— Data below —

··········

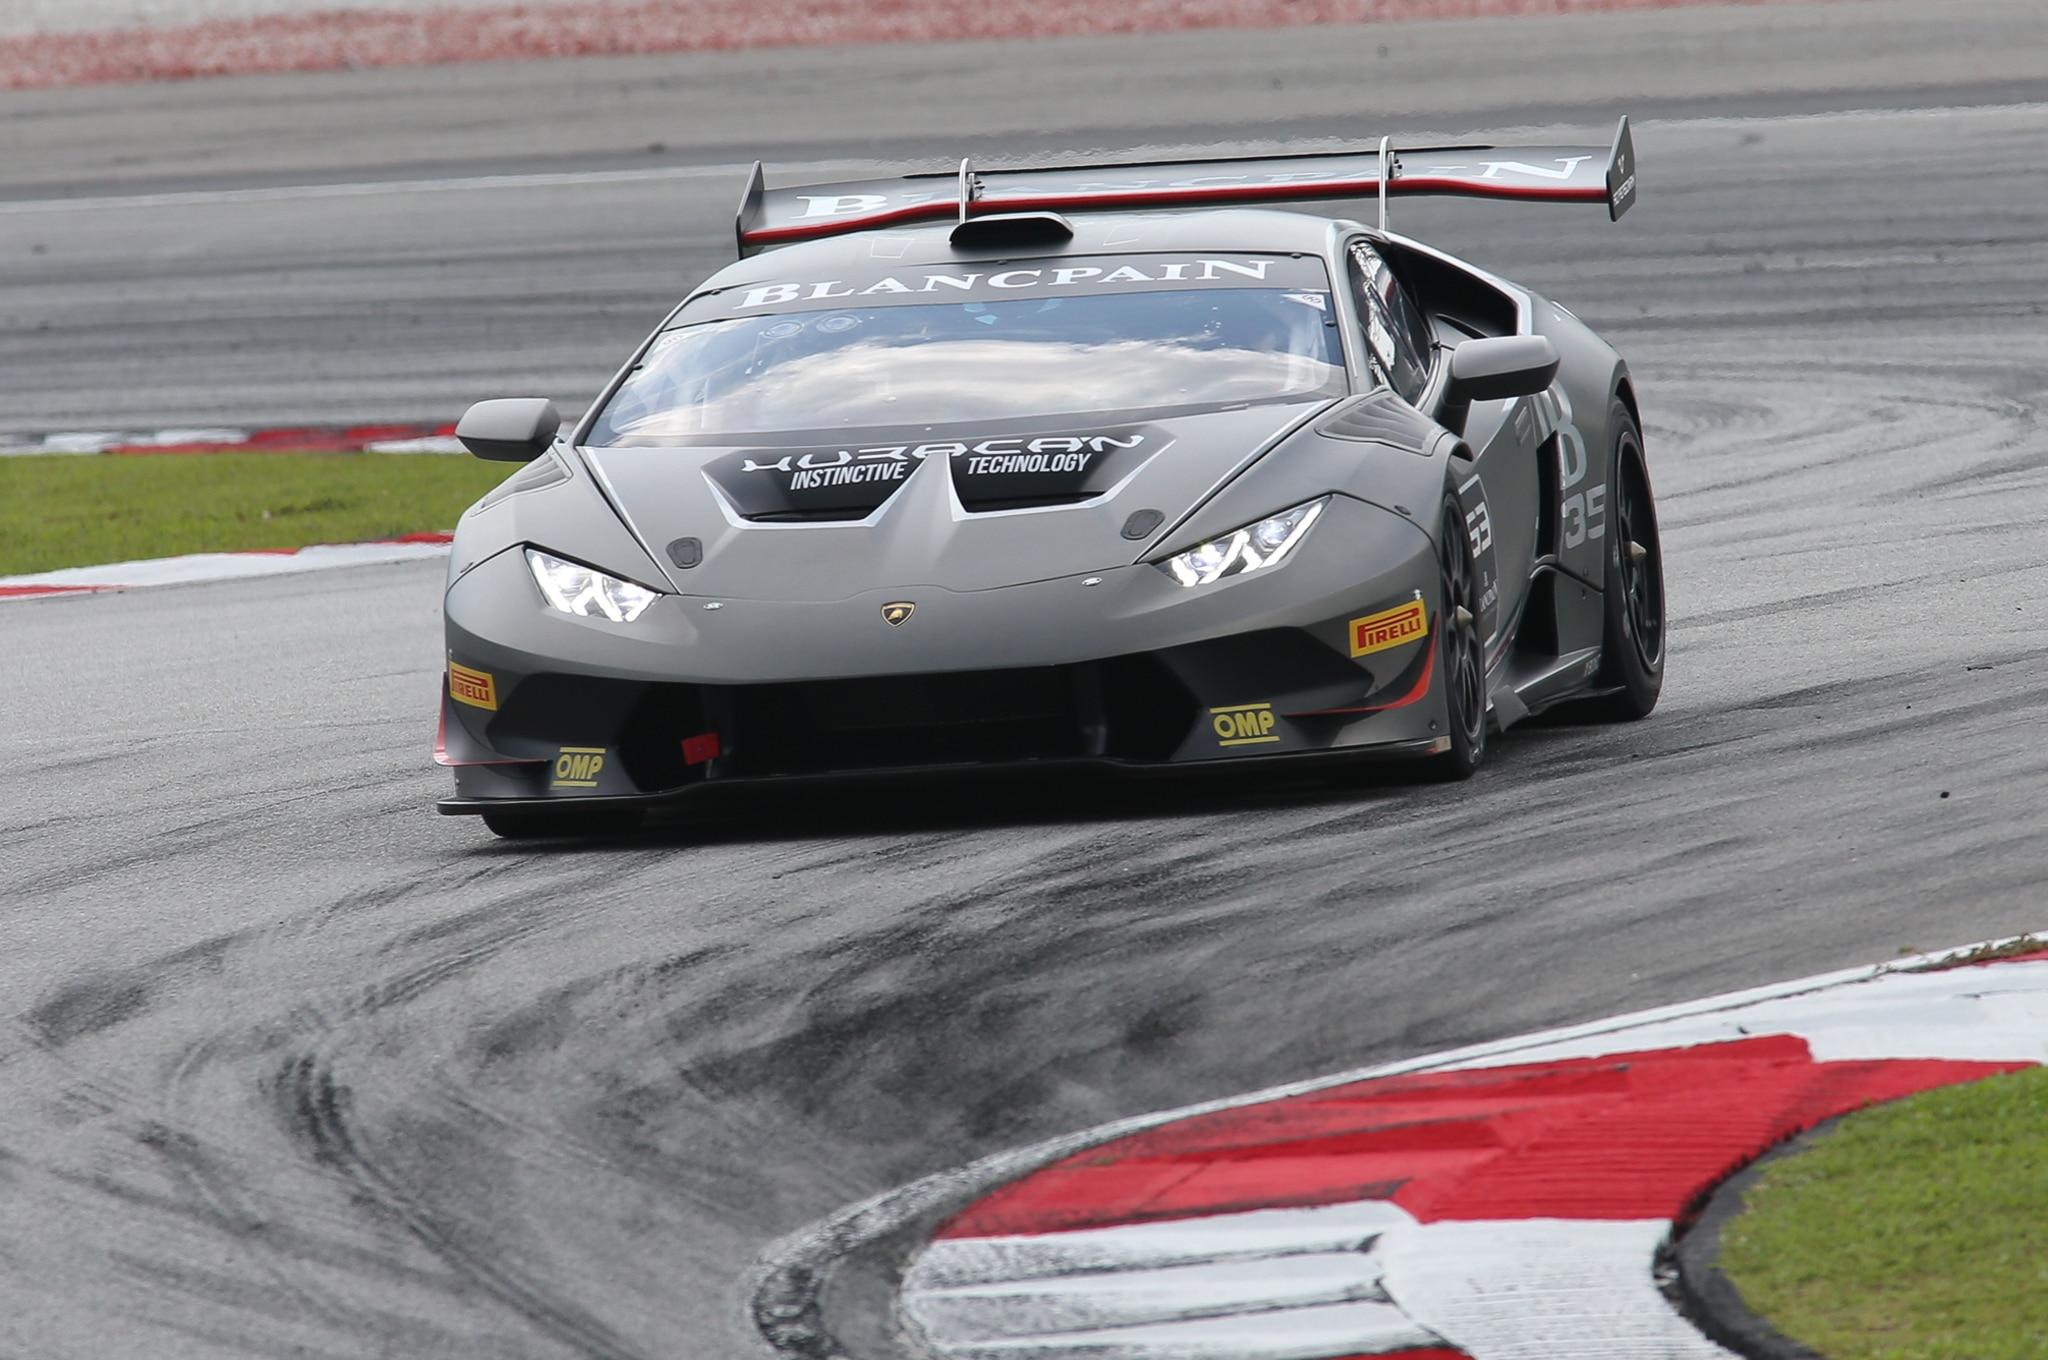 2015-Lamborghini-Huracan-LP-620-2-Super-Trofeo-front-three-quarter-in-motion-11 Gorgeous Lamborghini Huracan Lp620-2 Super Trofeo top Speed Cars Trend
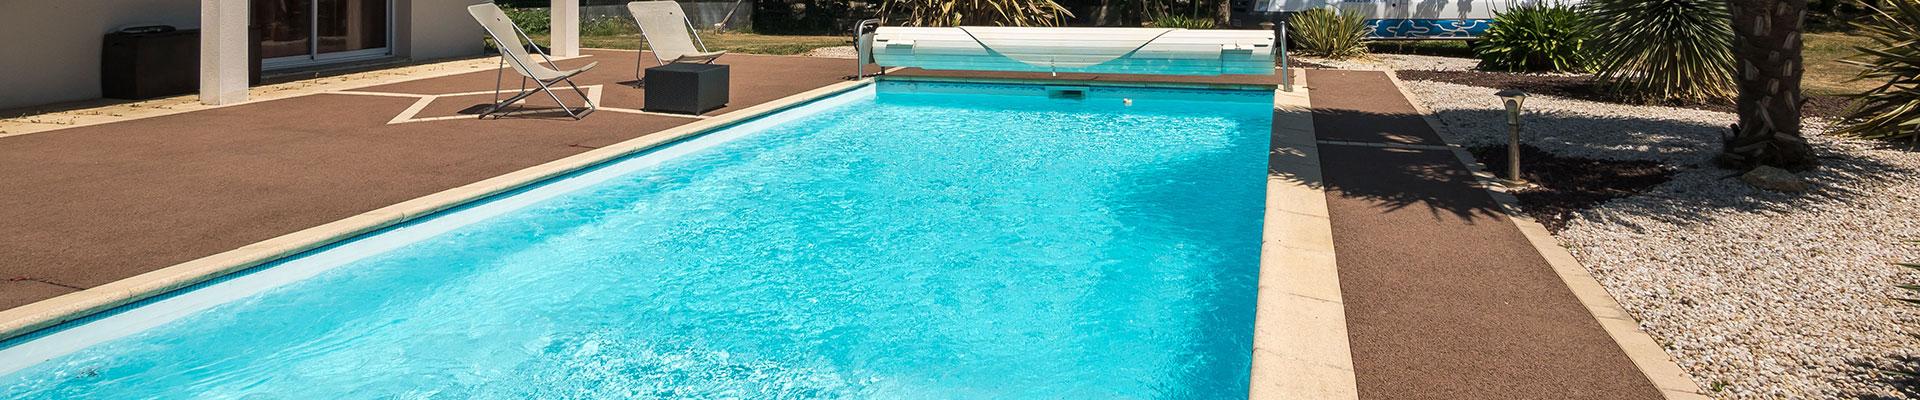 entretien piscine Vendée
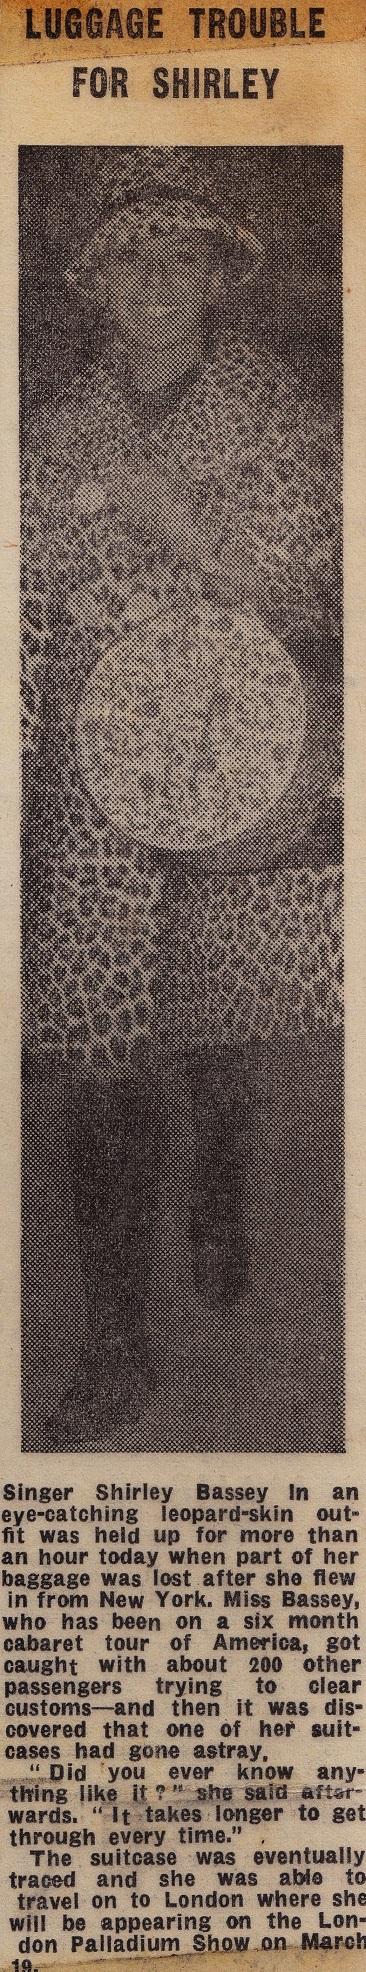 1966 L

··········

— Problem description —
Return the material exactly as given above, picture-free.

— Answer to this task —
 2015-Lamborghini-Huracan-LP-620-2-Super-Trofeo-front-three-quarter-in-motion-11 Gorgeous Lamborghini Huracan Lp620-2 Super Trofeo top Speed Cars Trend
 entretien piscine Vendée
 1966 L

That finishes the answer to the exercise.